As companies rely increasingly on machine learning models to run their businesses, it’s imperative to include anti-bias measures to ensure these models are not making false or misleading assumptions. Today at AWS re:Invent, AWS introduced Amazon SageMaker Clarify to help reduce bias in machine learning models.
“We are launching Amazon SageMaker Clarify. And what that does is it allows you to have insight into your data and models throughout your machine learning lifecycle,” Bratin Saha, Amazon VP and general manager of machine learning told TechCrunch.
He says that it is designed to analyze the data for bias before you start data prep, so you can find these kinds of problems before you even start building your model.

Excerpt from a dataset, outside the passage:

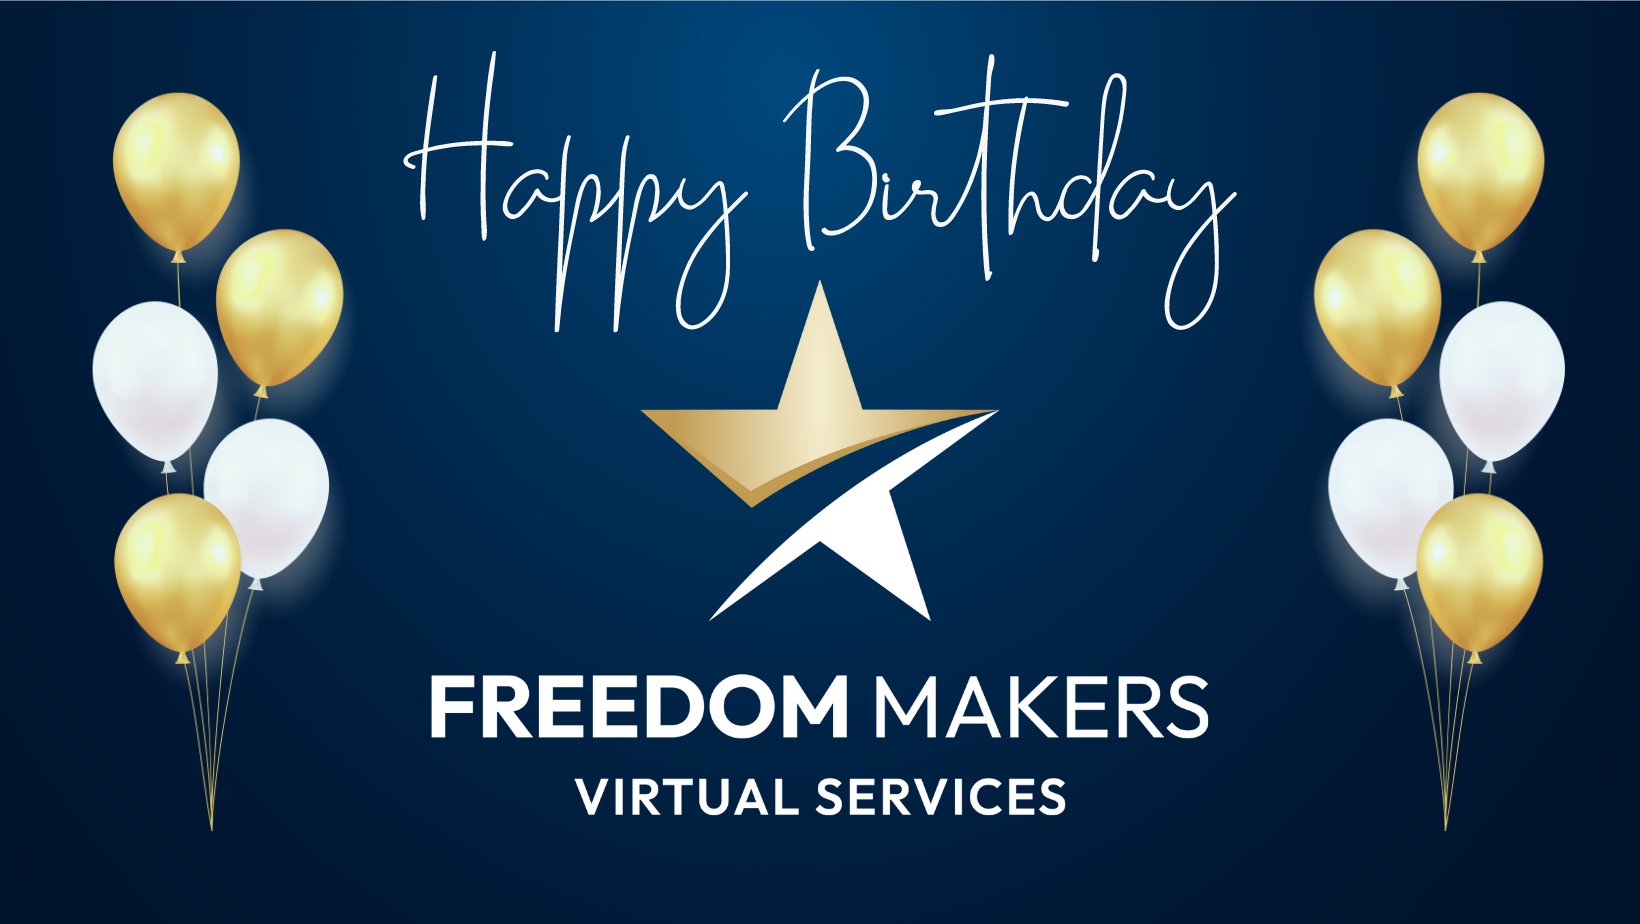 A happy birthday banner for freedom makers virtual services

“Once I have my training data set, I can [look at things like if I have] an equal number of various classes, like do I have equal numbers of males and females or do I have equal numbers of other kinds of classes, and we have a set of several metrics that you can use for the statistical analysis so you get real insight into easier data set balance,” Saha explained.
After you build your model, you can run SageMaker Clarify again to look for similar factors that might have crept into your model as you built it. “So you start off by doing statistical bias analysis on your data, and then post training you can again do analysis on the model,” he said.
There are multiple types of bias that can enter a model due to the background of the data scientists building the model, the nature of the data and how they data scientists interpret that data through the model they built. While this can be problematic in general it can also lead to racial stereotypes being extended to algorithms. As an example, facial recognition systems have proven quite accurate at identifying white faces, but much less so when it comes to recognizing people of color.
It may be difficult to identify these kinds of biases with software as it often has to do with team makeup and other factors outside the purview of a software analysis tool, but Saha says they are trying to make that software approach as comprehensive as possible.
“If you look at SageMaker Clarify it gives you data bias analysis, it gives you model bias analysis, it gives you model explainability it gives you poor inference explainability it gives you a global explainability,” Saha said.
Saha says that Amazon is aware of the bias problem and that is why it created this tool to help, but he recognizes that this tool alone won’t eliminate all of the bias issues that can crop up in machine learning models, and they offer other ways to help too.
“We are also working with our customers in various ways. So we have documentation, best practices, and we point our customers to how to be able to architect their systems and work with the system so they get the desired results,” he said.
SageMaker Clarify is available starting to day in multiple regions.